Similarly, a firm that accurately predicts its cash flow will be able to plan well for its activities. As a result, negative disturbances on the budget are minimized, further improving a firm’s credibility. On the same note, increasing shareholders’ value is the main aim of any corporation. As a result, firms endeavor to increase dividend payments each year. Higher cash flow allows a firm to have extra cash after settling all expenses (Marney & Tarbert, 2011). The extra cash can be used to increase production through the acquisition of advanced technology, as well as increasing dividends paid to shareholders.

More importantly, cash flow enables a corporation to avoid paying higher interest for short-term loans.
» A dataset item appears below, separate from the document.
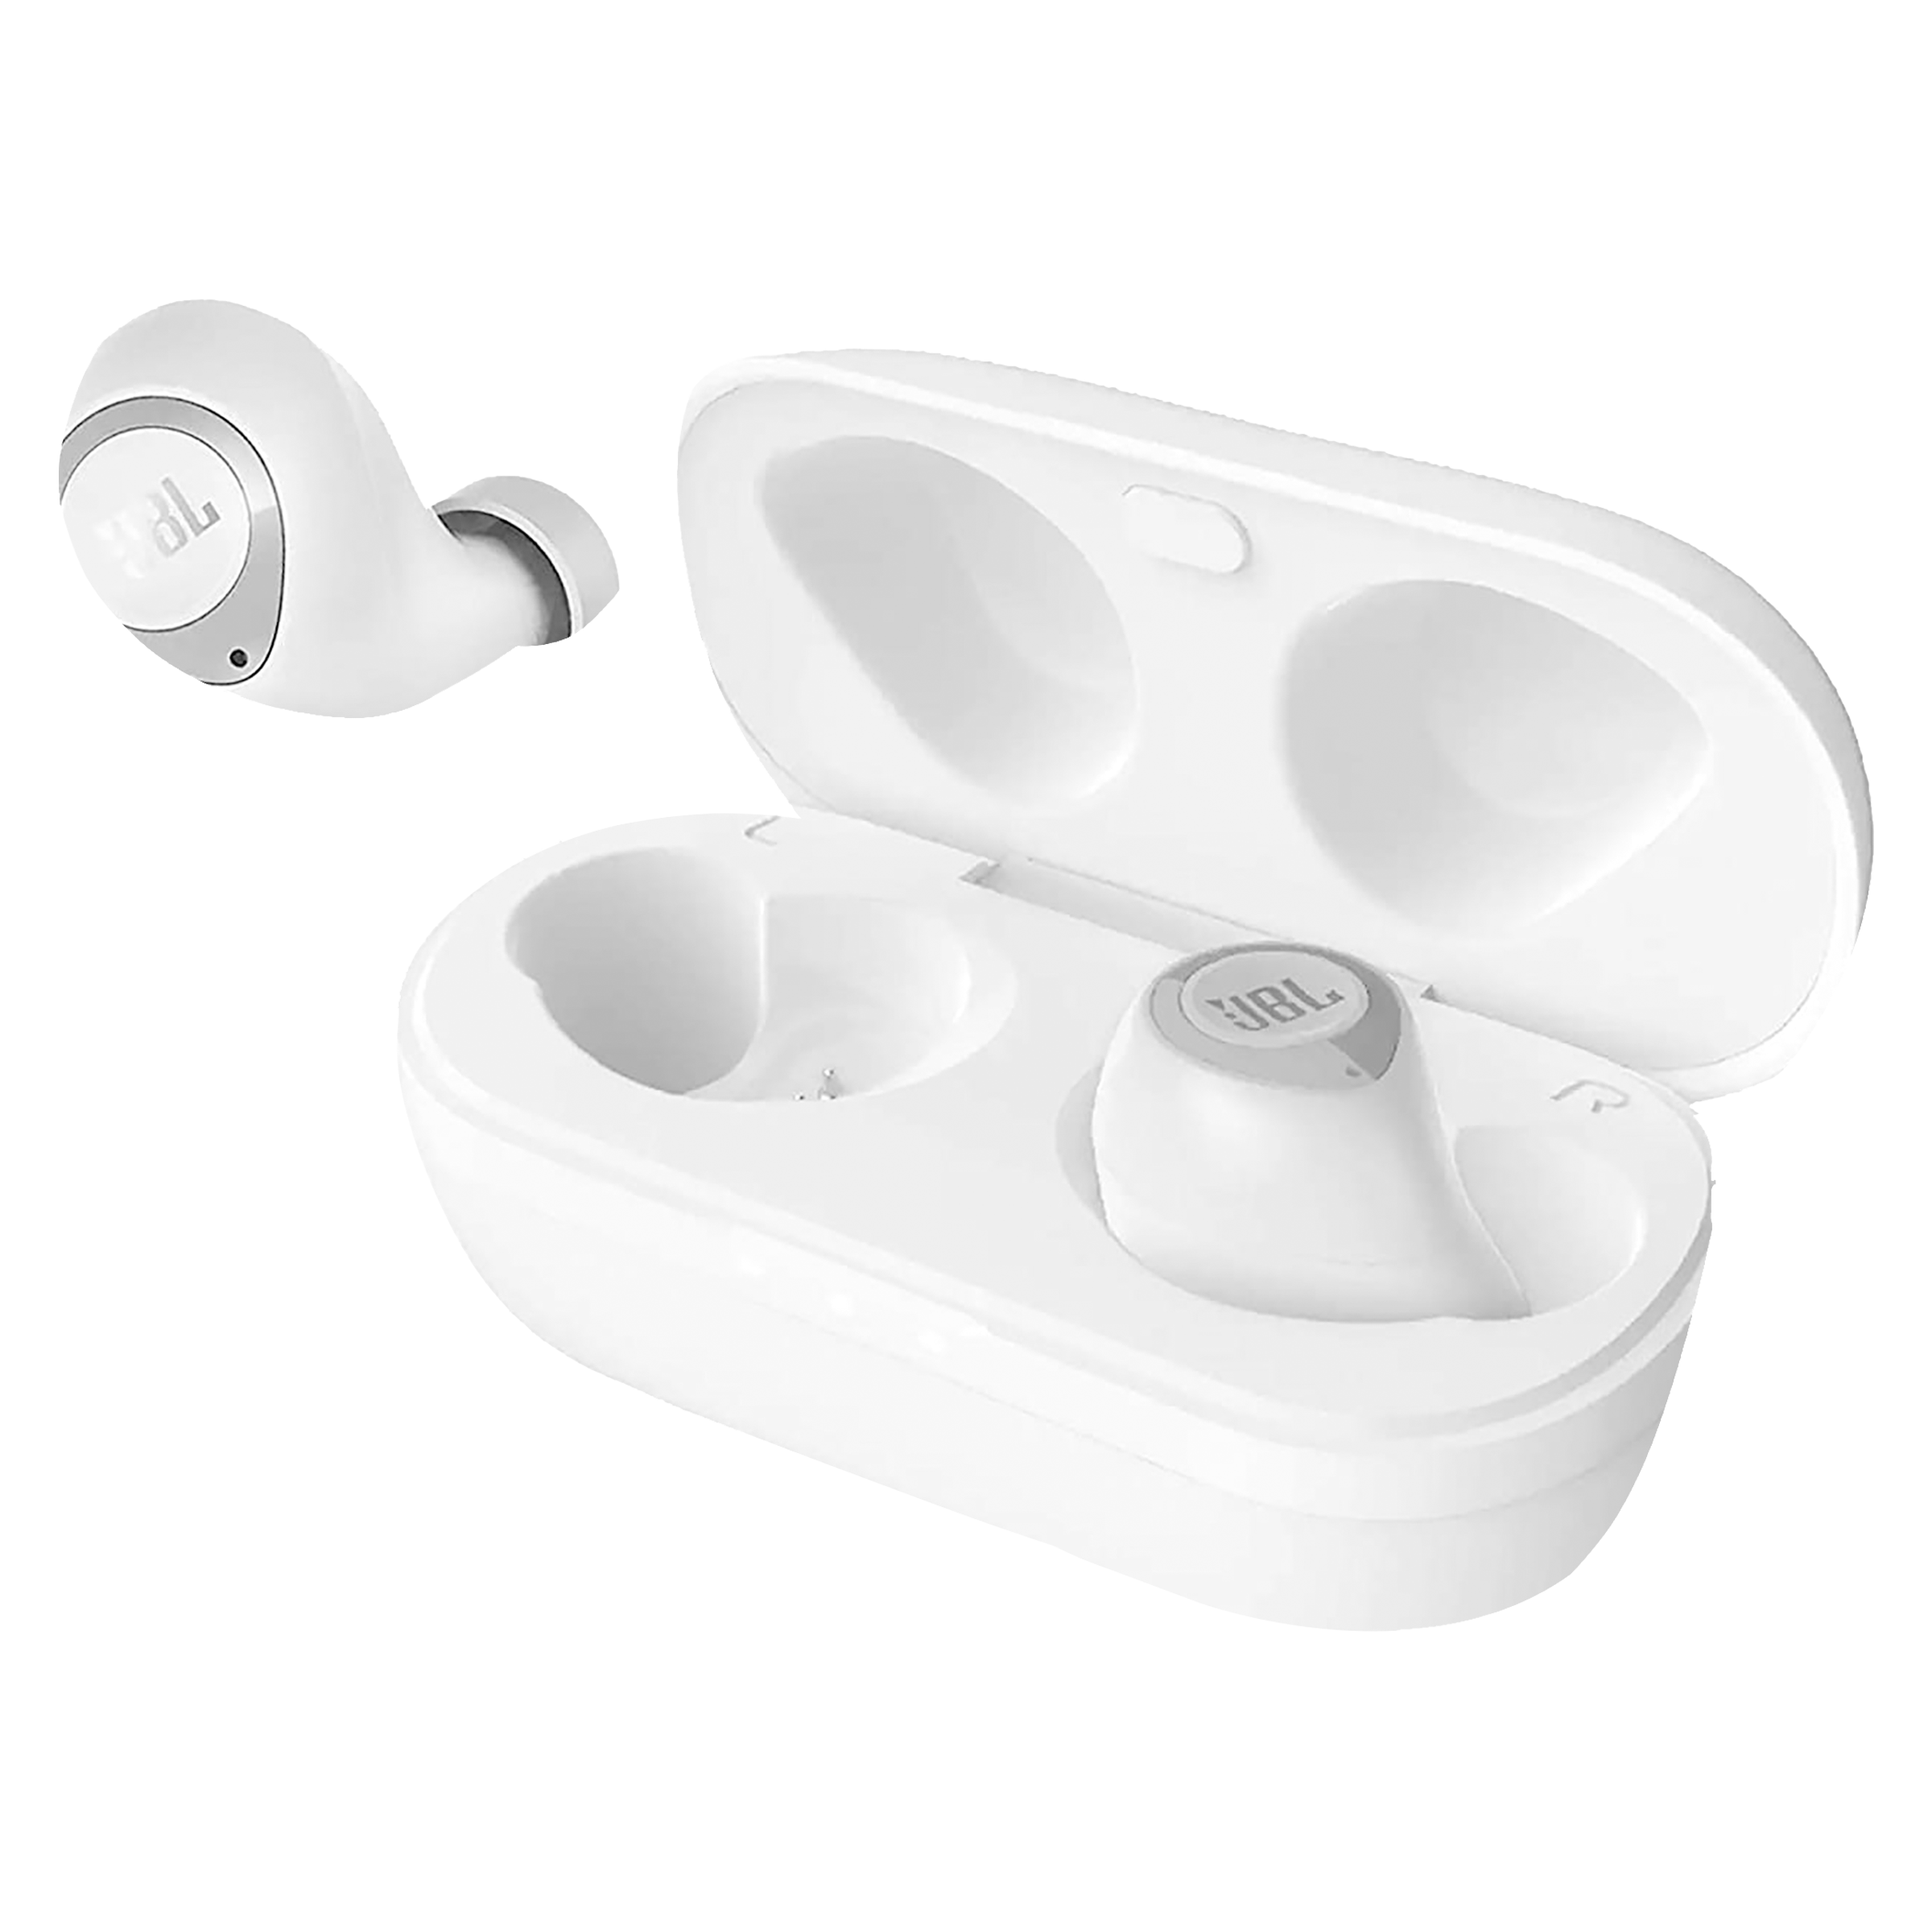 JBL C105TWS JBLC105TWSWHT In-Ear Truly Wireless Earbuds with Mic (Bluetooth 5.0, JBL Pure Bass Sound, White)_1

A corporation that controls its cash flow efficiently will not lack money to settle its bills. Consequently, the corporation will not be compelled to go for short-term loans when it runs short of liquidity and options are limited. On the contrary, the firm will have enough time to consider all options of credit.

The advantages of cash flow to a corporation are vital and cannot be overlooked. Consequently, any firm should ensure that cash flow is well managed for guaranteed continuity. It should be noted that cash flow is used in other instances to gauge the management of a corporation. Similarly, new shareholders and other stakeholders use cash flow for their private decisions. As a result, a lot of care should be taken when dealing with the cash flow issue.

References

Hirschey, M. (2008). Managerial Economics. Stanford: Cengage Learning.

Marney, J., & Tarbert, H. (2011). Corporate Finance for Business. New York: Oxford University Press.

Megginson, W. L., & Smart, S. B. (2008). Introduction to Corporate Finance. Stanford: Cengage Learning.

O’Berry, D. (2010). Small Business Cash Flow: Strategies for making Your Business a Financial Success. Hoboken: John Wiley & Sons.